La Vía Láctea (銀河街道, Ginga kaidō) is a music theatre piece for children's choir composed by a Japanese composer Minao Shibata (b. 1916 - d. 1996) in 1993. The piece is about the way of St. James and uses medieval Christian hymns and folk songs as material. It lasts approximately one hour.

== Backgournd ==
The composer Namio Shibata, who died in 1996, spent his last about 20 years of his approximately 60 years of creative activity, from around 1973, creating works in a format known as "music theatre pieces." Generally to say, "music theatre" comes in many forms, but Shibata's works are characterized by its use of the medium of chorus and traditional Japanese materials. During the last 20 years of his life, he composed over 20 pieces in music theatre form, almost all of which were inspired by local folk and traditional performing arts in Japan. On the other hand, La Vía Láctea is the only exception among them, in that he chose subject matter from the traditional culture of a foreign country.

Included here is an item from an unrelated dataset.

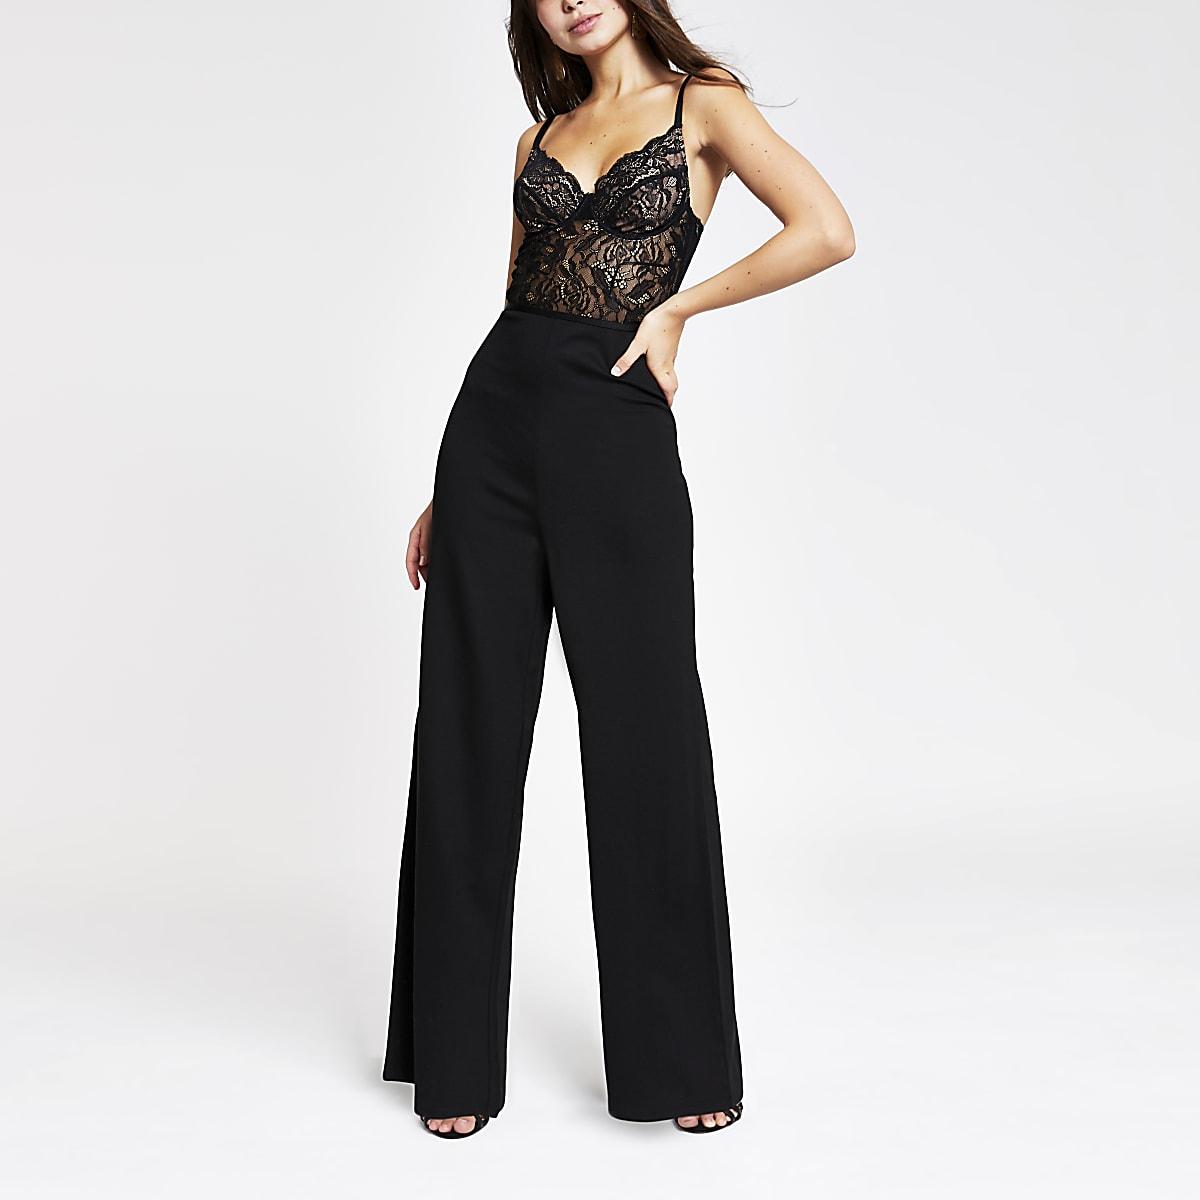 Black lace corset jumpsuit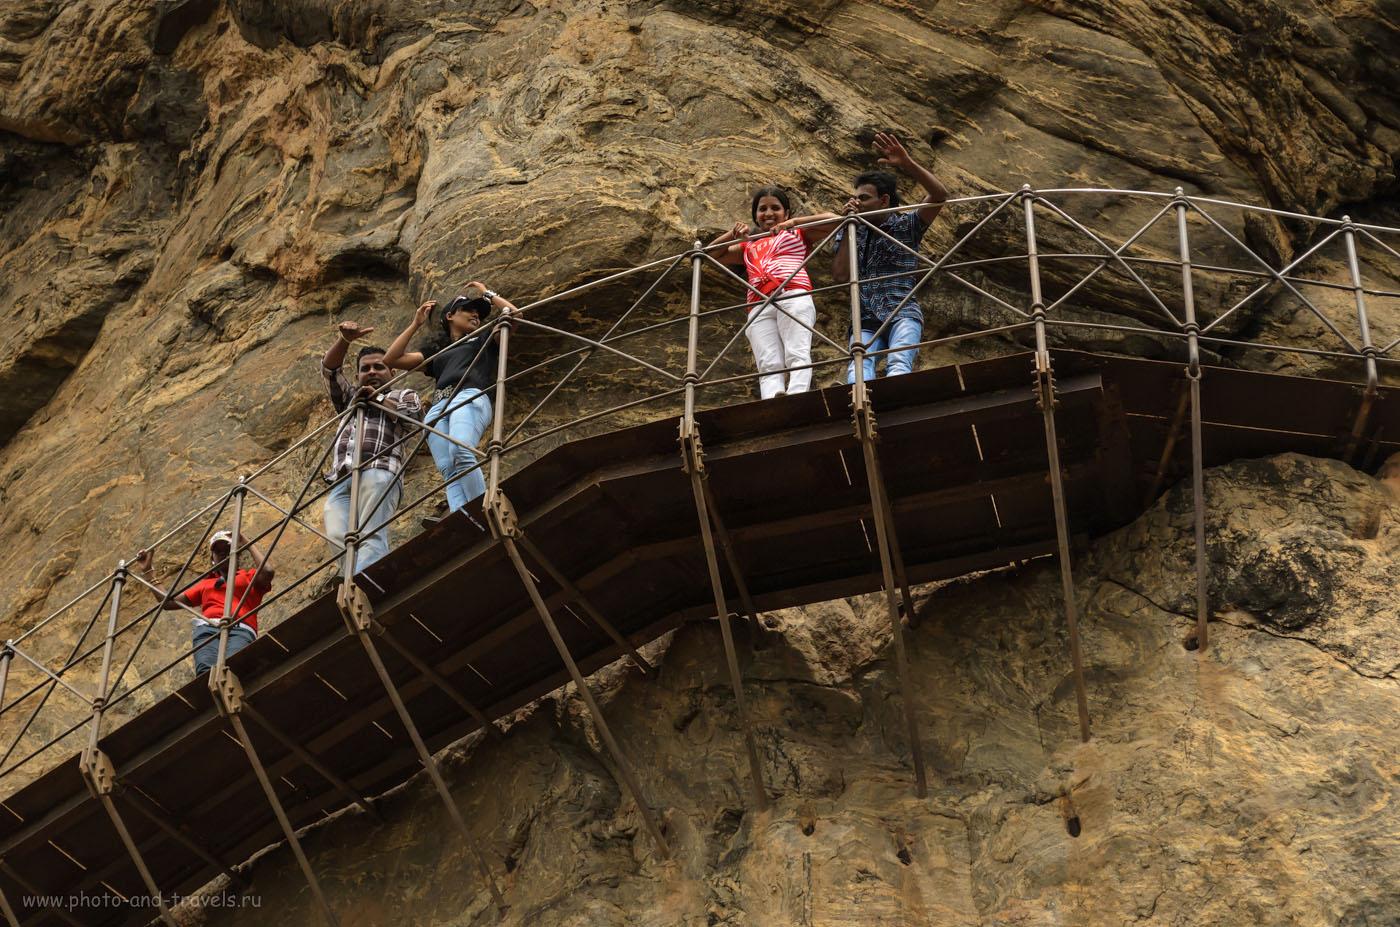 Фотография 14. На Шри-Ланке интерес к европейским самостоятельным путешественникам такой острый, что многие посетители не хотят смотреть красоты Сигирии, а хотят наблюдать за белыми человечками. Хотя, это - граждане Индии, они белых туристов видят редко.

However, both his previous music theatre works and La Vía Láctea share the commonality of using local folk songs and performing arts as material, and it could be said that the only difference is that the region of the work has been shifted from Japan to a foreign country. This work can also be considered an example of a work that applies the concept of a series of his music theatre works that focus on Japan's "regional character" to a region overseas.

Shibata himself was not a Catholic though, during his university years, he attended church mass every Sunday (Note: Shibata attended the Tokyo St. Francis Xavier major seminary, formerly located in Shakujii Village, every Sunday.) and listened to Gregorian chant. Thereafter he never lost interest in Christianity for the rest of his life. La Vía Láctea was commissioned by Nissay Theatre for a children's choir, and has an educational purpose: the purpose is to learn, through singing, acting and listening, what the simple and pure faith of medieval Christianity was like.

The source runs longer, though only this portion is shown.